L’ouverture du marché sénégalais remonte à 2010. Alors que les paysans peinaient à écouler leurs récoltes, le président de l’époque, Abdoulaye Wade, avait décidé de libéraliser l’exportation des graines d’arachide, une activité jusqu’ici exclusivement dévolue à la Société nationale de commercialisation des oléagineux du Sénégal (Sonacos, ex-Suneor). Grande consommatrice d’arachides mais souvent confrontée à de mauvaises récoltes, la Chine avait, dans la foulée, scellé un accord avec Dakar pour pouvoir s’approvisionner auprès du marché sénégalais.

Mais le gouvernement, qui a investi plusieurs centaines de milliards de F CFA dans la filière huilière au cours de la dernière décennie, cherche toujours la meilleure formule pour la sauver de l’effondrement. Il a, par exemple, ces trois dernières années, versé des compensations d’une valeur de 33 milliards de FCFA aux transformateurs afin de leur permettre d’acheter les récoltes des producteurs au cours officiel.

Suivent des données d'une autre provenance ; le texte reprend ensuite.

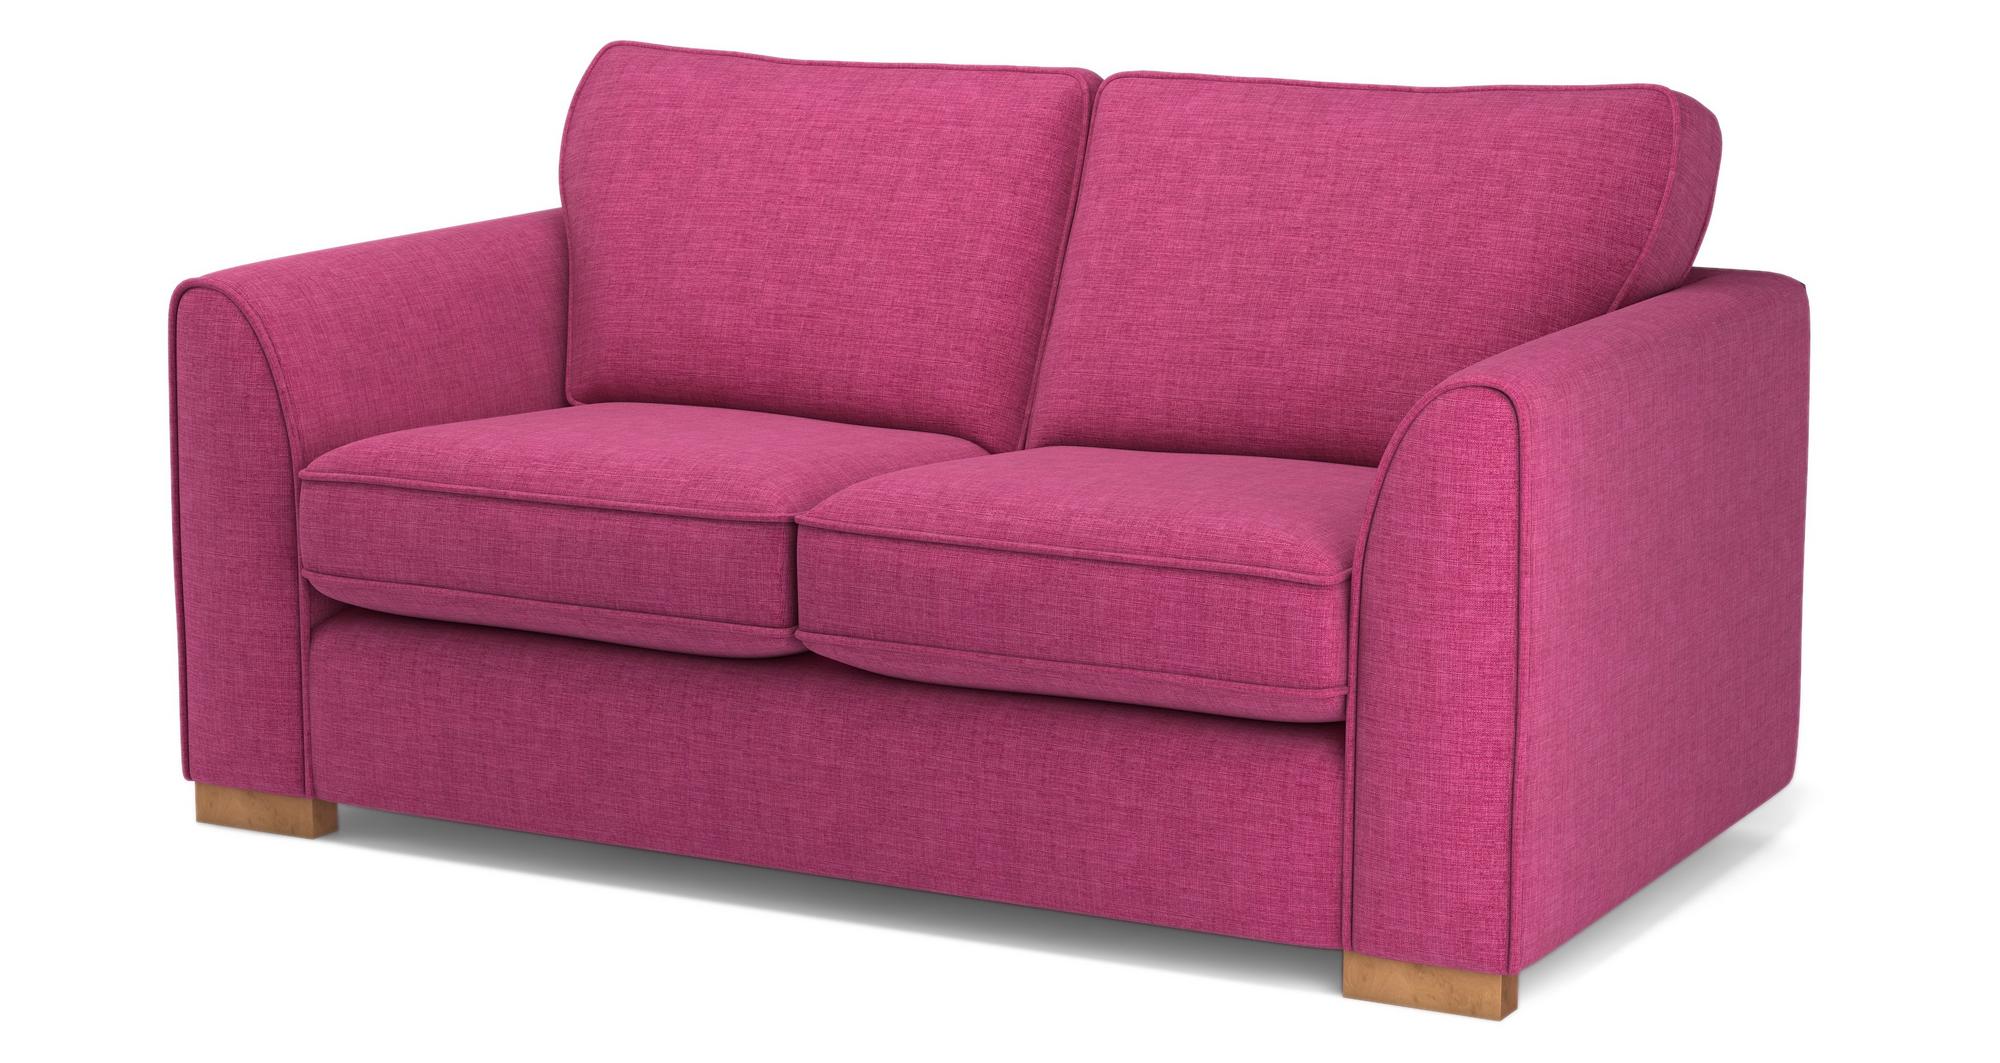 Dfs Revive Orchid Pink Fabric 2 Seater Sofa Ebay

La Sonacos se diversifie pour survivre

Naguère fleuron de l’industrie agroalimentaire du pays, l’entreprise publique Sonacos doit impérativement opérer sa mue et s’adapter à la nouvelle donne, estime Ababacar Diouf, cadre du ministère de l’Agriculture et de l’Équipement rural.

Sauvée in extremis de la faillite puis renationalisée fin 2015, elle est renflouée par le gouvernement à coups de centaines de milliards de F CFA. « Les difficultés de la Sonacos ont, en partie, coïncidé avec la dissolution en 2001 de sa filiale Sonagraine, spécialisée dans l’approvisionnement et la multiplication de graines. Aujourd’hui, il faut qu’elle étende sa présence sur l’ensemble de la chaîne de valeur », explique notre interlocuteur.

Dans le cadre de son plan stratégique 2020-2024 censé amorcer sa relance en attendant l’arrivée de nouveaux investisseurs, la Soncaos prévoit diversifier son offre. Outre l’achat de graines, l’exportation d’huile brute d’arachide et de tourteaux, la soiciété compte, selon ses dirigeants, se lancer dans l’importation d’huile brute de soja et de palme et la vente de graines décortiquées aux exportateurs.